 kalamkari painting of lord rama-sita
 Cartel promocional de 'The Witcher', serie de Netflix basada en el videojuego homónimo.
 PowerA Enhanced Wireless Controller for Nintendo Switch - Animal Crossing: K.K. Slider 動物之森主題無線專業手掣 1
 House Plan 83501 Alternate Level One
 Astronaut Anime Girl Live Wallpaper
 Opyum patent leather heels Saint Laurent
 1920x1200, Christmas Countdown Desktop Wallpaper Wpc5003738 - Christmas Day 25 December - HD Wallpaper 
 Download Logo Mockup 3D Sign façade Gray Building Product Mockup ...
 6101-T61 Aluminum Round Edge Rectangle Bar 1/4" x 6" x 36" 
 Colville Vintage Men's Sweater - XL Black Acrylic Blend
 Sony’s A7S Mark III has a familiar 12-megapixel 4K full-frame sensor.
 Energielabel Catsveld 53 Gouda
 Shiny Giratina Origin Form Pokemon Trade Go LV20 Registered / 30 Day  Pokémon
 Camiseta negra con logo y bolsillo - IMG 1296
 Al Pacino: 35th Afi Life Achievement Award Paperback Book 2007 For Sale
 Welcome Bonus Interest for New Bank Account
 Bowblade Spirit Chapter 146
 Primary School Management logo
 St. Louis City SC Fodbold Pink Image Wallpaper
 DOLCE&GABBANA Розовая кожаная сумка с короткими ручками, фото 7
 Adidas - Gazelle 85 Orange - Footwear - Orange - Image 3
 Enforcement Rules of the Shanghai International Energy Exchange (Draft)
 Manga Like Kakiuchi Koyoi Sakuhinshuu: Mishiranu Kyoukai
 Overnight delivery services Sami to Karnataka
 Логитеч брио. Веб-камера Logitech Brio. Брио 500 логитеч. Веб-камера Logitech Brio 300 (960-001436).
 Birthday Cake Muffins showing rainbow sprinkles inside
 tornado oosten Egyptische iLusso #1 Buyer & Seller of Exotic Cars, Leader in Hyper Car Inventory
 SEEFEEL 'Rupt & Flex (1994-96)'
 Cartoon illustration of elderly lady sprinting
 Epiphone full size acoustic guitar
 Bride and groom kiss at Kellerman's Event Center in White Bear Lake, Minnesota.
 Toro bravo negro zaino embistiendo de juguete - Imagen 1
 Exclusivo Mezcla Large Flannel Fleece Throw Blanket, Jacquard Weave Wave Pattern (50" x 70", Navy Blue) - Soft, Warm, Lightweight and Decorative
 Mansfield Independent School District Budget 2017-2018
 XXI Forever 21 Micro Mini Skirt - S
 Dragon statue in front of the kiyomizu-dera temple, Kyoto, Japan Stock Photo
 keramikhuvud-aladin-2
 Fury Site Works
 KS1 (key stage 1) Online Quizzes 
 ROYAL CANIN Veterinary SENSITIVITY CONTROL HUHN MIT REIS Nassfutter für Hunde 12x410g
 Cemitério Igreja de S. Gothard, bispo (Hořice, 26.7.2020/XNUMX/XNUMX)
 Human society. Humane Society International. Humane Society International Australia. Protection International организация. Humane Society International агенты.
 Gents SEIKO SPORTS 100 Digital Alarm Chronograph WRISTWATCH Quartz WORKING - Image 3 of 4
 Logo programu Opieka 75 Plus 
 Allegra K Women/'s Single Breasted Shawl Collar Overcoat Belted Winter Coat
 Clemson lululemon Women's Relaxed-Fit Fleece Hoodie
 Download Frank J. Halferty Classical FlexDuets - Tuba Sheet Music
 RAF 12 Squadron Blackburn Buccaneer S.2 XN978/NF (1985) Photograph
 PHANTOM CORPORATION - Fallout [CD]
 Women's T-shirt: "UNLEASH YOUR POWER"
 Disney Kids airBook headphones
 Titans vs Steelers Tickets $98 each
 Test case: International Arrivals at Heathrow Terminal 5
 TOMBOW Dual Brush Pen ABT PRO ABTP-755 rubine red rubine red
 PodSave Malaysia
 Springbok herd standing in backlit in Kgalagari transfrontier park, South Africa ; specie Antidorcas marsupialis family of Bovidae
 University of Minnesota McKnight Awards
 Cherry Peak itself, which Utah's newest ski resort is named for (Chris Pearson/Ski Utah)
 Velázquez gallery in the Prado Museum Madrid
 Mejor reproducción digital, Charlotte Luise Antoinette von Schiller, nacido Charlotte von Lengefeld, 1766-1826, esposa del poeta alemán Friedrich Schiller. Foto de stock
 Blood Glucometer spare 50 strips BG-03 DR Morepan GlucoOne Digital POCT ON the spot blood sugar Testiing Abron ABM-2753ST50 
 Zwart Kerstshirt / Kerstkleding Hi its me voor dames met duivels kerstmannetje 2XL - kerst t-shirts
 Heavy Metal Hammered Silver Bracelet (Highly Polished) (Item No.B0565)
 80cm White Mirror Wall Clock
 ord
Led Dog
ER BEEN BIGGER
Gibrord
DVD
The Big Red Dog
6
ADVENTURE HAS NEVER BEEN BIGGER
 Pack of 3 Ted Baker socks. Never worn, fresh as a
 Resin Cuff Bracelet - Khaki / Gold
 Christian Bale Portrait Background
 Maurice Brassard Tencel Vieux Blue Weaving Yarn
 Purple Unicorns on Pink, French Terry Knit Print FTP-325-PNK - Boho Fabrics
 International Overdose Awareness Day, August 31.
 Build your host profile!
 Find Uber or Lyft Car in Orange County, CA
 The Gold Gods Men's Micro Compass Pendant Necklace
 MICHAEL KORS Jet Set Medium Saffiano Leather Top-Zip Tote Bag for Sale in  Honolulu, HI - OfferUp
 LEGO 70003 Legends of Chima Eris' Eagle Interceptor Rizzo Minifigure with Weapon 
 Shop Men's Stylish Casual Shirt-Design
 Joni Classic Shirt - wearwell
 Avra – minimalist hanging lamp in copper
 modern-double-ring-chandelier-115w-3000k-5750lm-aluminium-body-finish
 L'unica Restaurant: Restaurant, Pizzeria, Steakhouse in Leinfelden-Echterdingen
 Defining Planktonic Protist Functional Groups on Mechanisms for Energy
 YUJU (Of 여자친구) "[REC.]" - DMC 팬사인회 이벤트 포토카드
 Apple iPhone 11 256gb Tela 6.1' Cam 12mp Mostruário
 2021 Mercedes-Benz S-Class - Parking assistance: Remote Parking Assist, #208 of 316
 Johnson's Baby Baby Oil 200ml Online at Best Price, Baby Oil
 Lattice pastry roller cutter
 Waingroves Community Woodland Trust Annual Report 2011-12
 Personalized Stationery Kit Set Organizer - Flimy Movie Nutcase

▶ **ASSIGNMENT**
Where the string "Women" occurs in a line of the material above, copy the whole line.

▶ **RESPONSE TO THIS EXERCISE**
 Allegra K Women/'s Single Breasted Shawl Collar Overcoat Belted Winter Coat
 Clemson lululemon Women's Relaxed-Fit Fleece Hoodie
 Women's T-shirt: "UNLEASH YOUR POWER"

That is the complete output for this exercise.